• [Record extracts]
========================

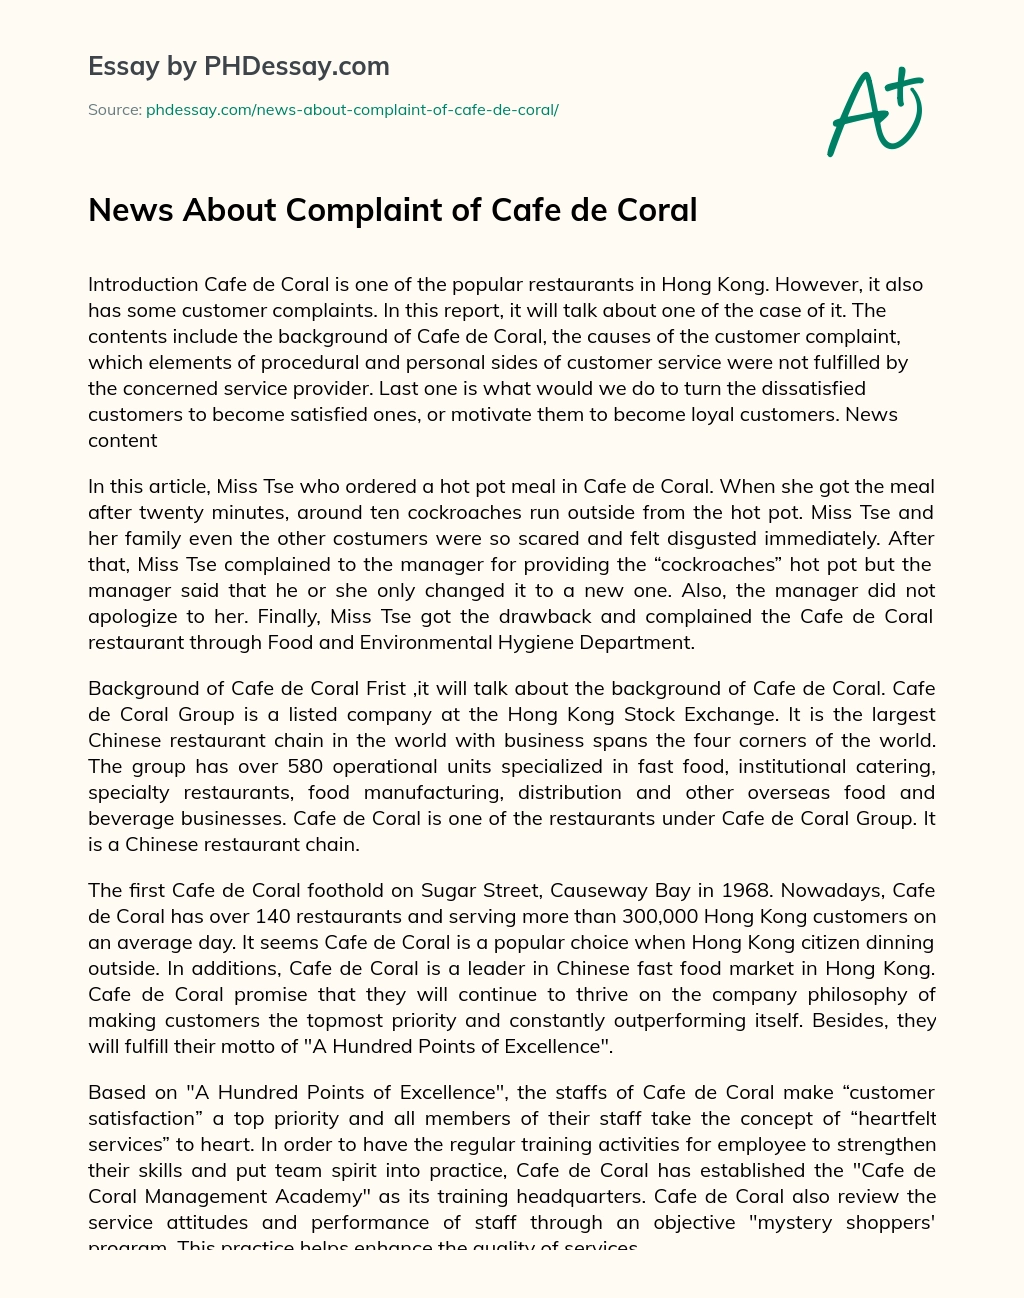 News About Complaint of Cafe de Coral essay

========================

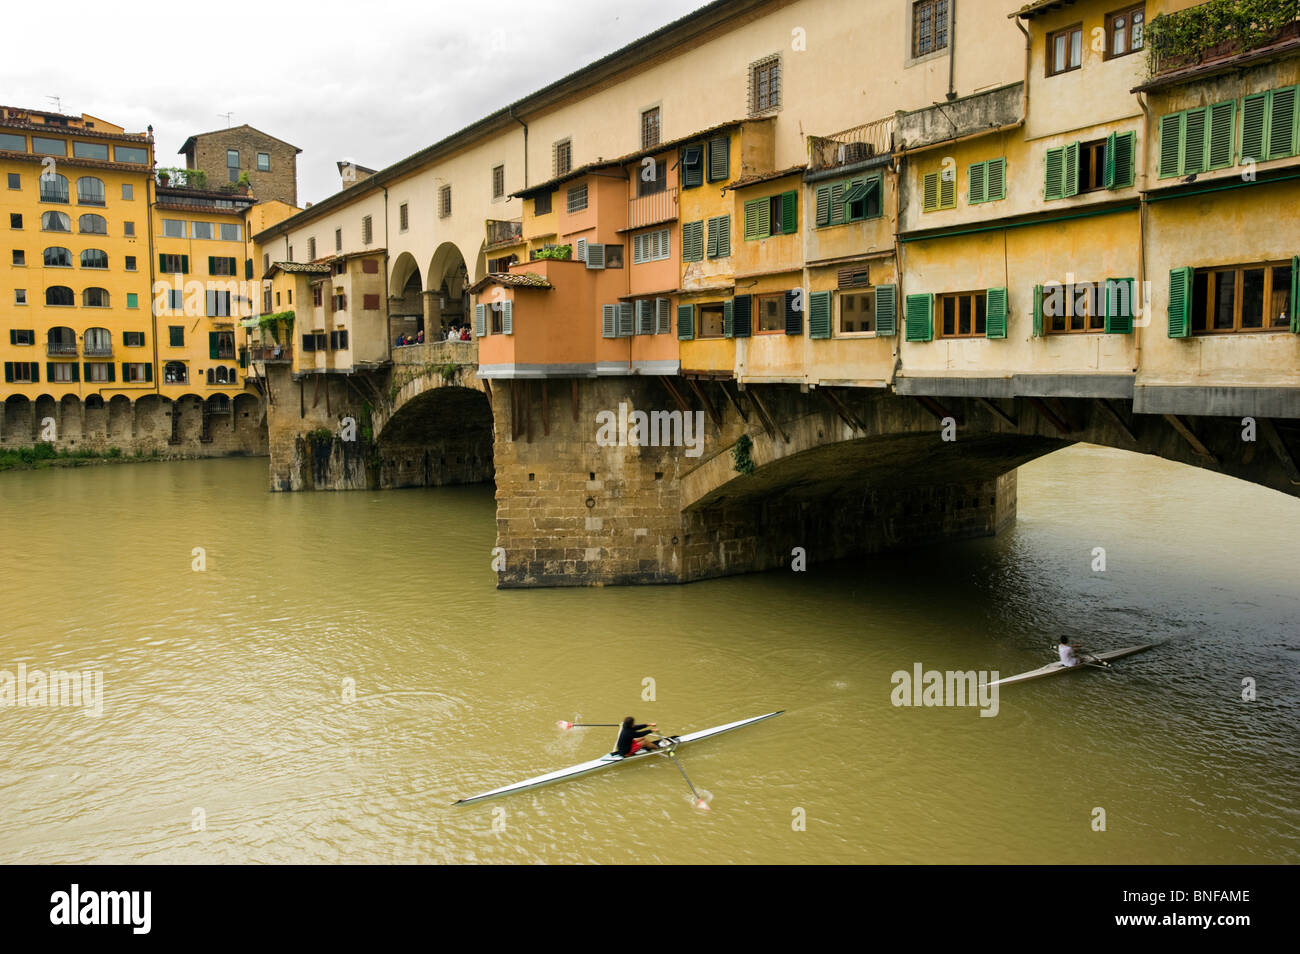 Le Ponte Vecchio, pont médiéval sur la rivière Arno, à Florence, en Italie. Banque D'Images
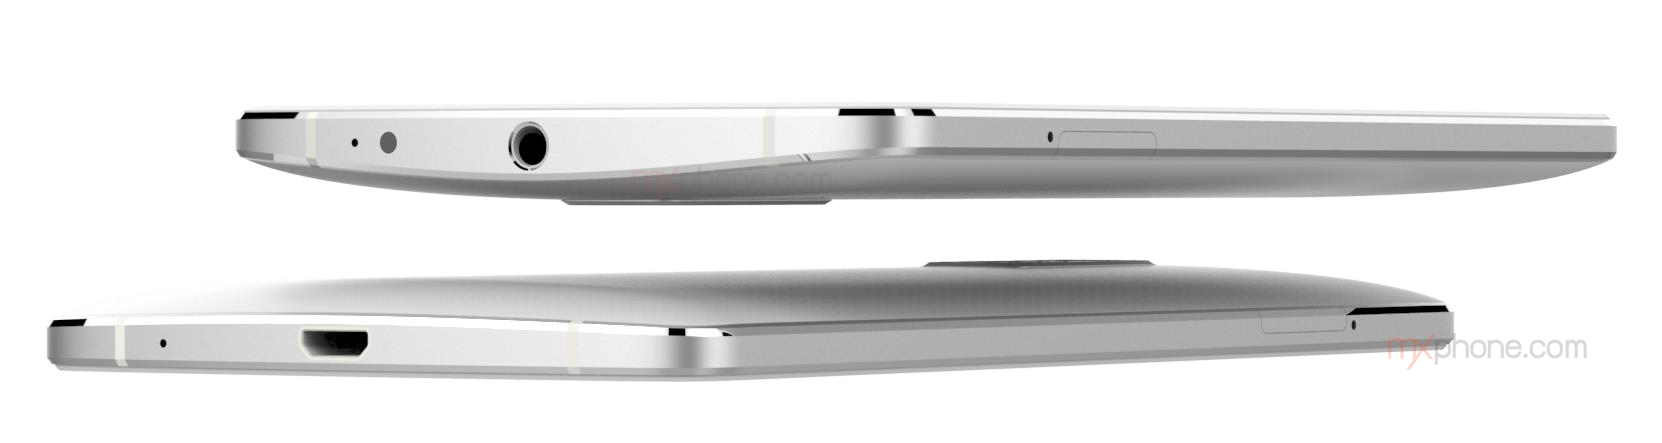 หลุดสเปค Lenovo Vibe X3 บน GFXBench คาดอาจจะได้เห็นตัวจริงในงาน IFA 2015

========================

• [Problem requirements] Only the lines above from the one with "Le Ponte Vecchio, pont" to the one with "หลุดสเปค Lenovo Vibe" should be printed, both included and exactly as written; no picture belongs in the copy.

• [Result of the task]
 Le Ponte Vecchio, pont médiéval sur la rivière Arno, à Florence, en Italie. Banque D'Images
 หลุดสเปค Lenovo Vibe X3 บน GFXBench คาดอาจจะได้เห็นตัวจริงในงาน IFA 2015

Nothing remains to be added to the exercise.